Just on what that $2.4 million is getting us, why couldn’t the Department of Home Affairs hire Masters/PhD students as research assistants/interns to do the same for much less? As an OECD intern helping run a multi-stakeholder policy consultation for distributed ledger technology, this was the lion’s share of my day job.
On Banning Ransom Payments
The Minister said a conditional ban on ransom payments ‘is something we should keep an open mind to’ but stated that the government’s ‘first port-of-call’ is gaining a better idea of payments (noting the absence of payment reporting obligations for firms) and providing as much support as the Commonwealth can to ransomware victims so that they do not feel compelled to pay.
In principle, the Minister’s comments make sense, but we were denied an explanation as to why the government has not already passed legislation which mandates the reporting of ransom payments or why federal regulators have not used applicable authorities to specifically mandate the reporting of ransom payments. Why hasn’t the government resurrected now-Assistant Minister for Foreign Affairs, Tim Watts’, fairly decent Ransomware Payments Bill 2021 (Cth), which he brought as a private member’s bill while Labor was in opposition (which I had a look at in another piece)?
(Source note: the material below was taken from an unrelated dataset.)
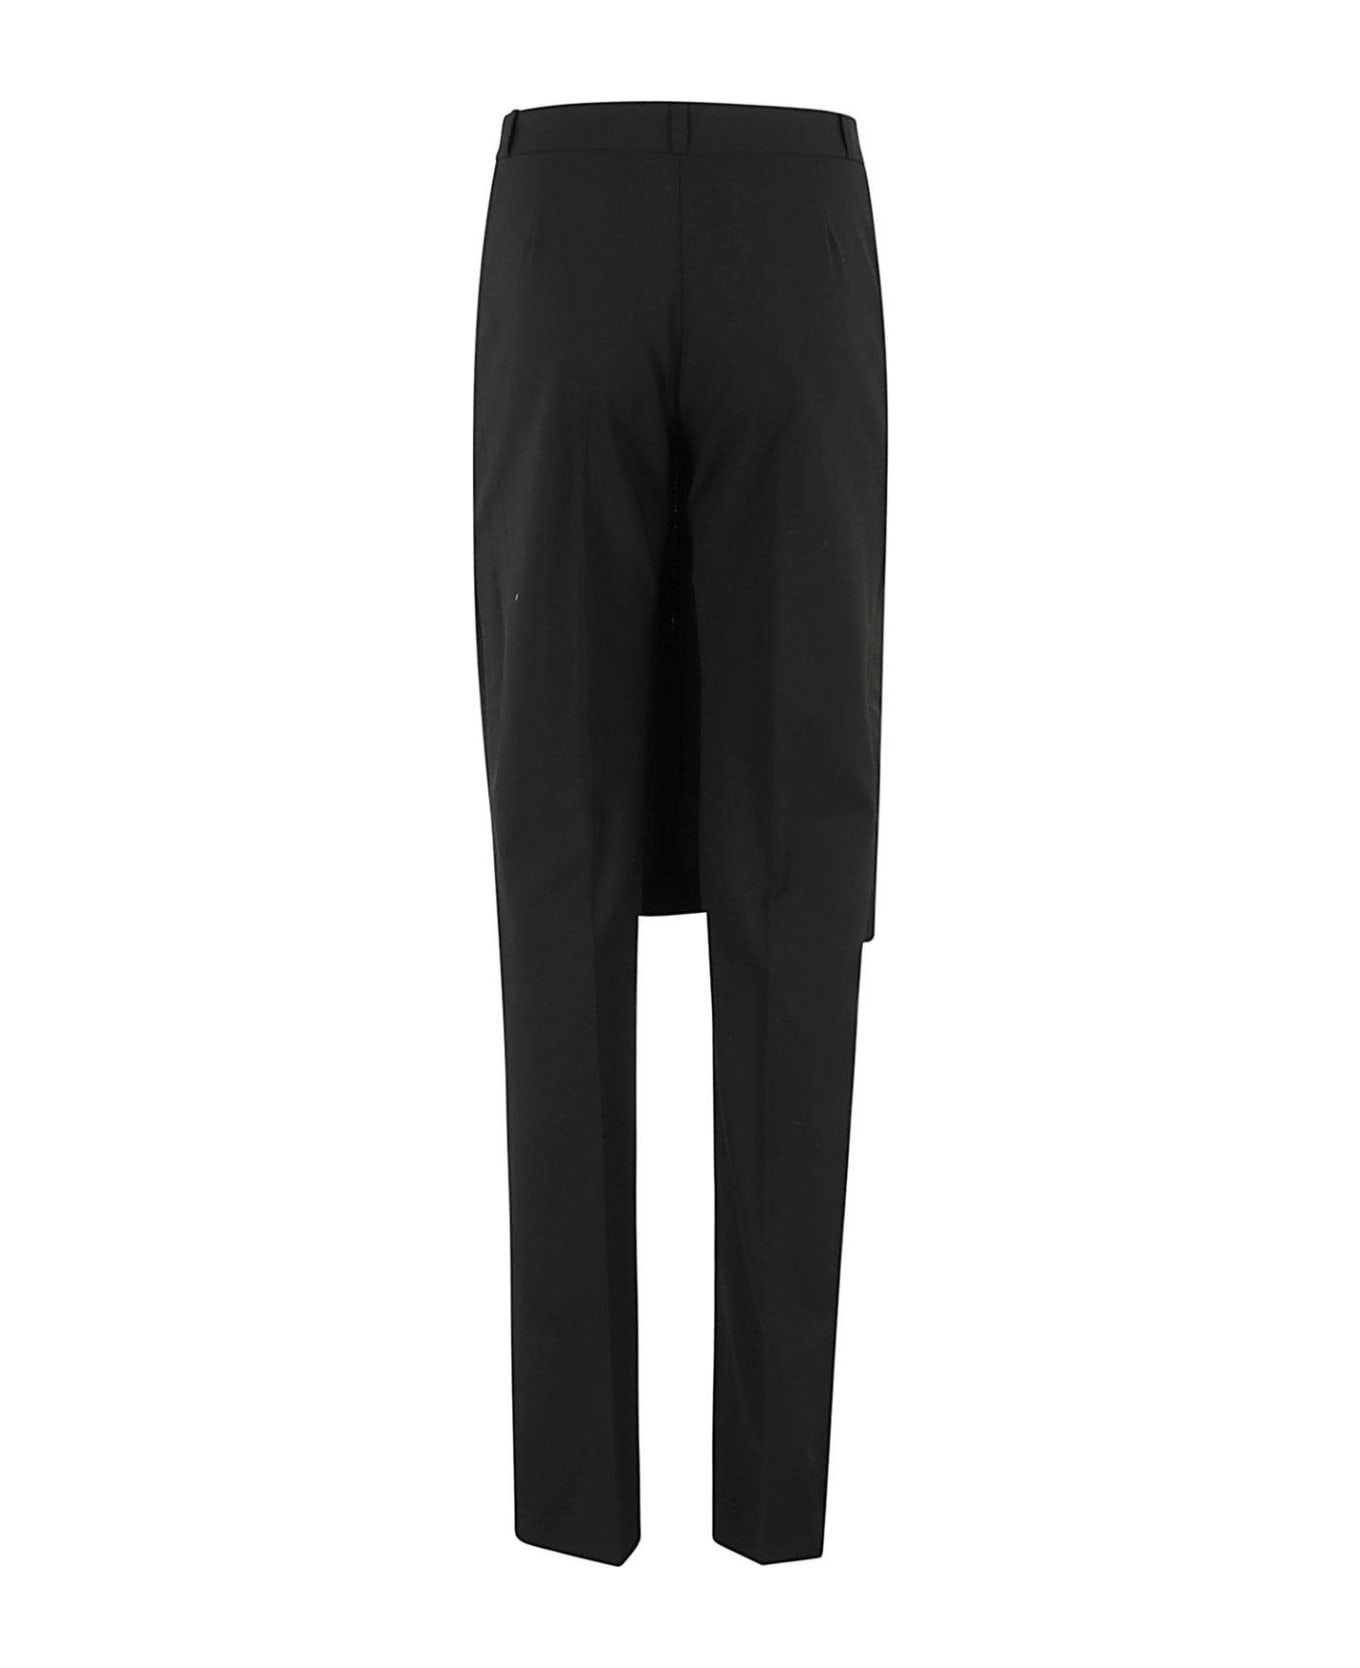 Coperni Skirt Tailored Trousers - Black

The government obviously has the numbers in the Lower House and I doubt the politics of enacting such obligations are fraught.
Given the Minister’s comments on ransom payments, I hereby plug my essay calling for officers, who are involved in the decisions of their companies to pay ransoms, to be prosecuted for money laundering (the stick) and for the state to provide comprehensive support to all businesses, particularly SMEs, to strengthen their cyber resilience to minimise the chance they pay in the first place (the carrot).
On Negative Externalities of Breaches at CNI Assets
The Minister made a good point about how breaches like those at Optus and Medibank (both CNI asset operators, given the wordings of SOCI Act ss 5, 12H(1)(e), respectively, and SOCI Definitions Rules r 13(5) for Medibank) are not merely ‘private events that affect private companies’.
Hence, I would have loved to hear her thoughts on the operation of the SOCI Act pt 2A critical infrastructure risk management program regime, which the Minister switched on for the responsible entities for certain categories of CNI assets early this year via the Security of Critical Infrastructure (Critical infrastructure risk management program) Rules (LIN 23/006) 2023 (Cth).
Linked with that, it would be have been marvellous if Minister provided her thoughts on how cyber governance at companies generally should be regulated in Australia (the interview was focused on ‘technical’ matters of cyber policy, to borrow the Minister’s word).
All in All
Mr Business did a fabulous job and Prof Martin was his usual wise self, but I felt many of the Minister’s comments were rather (you guessed it) curious.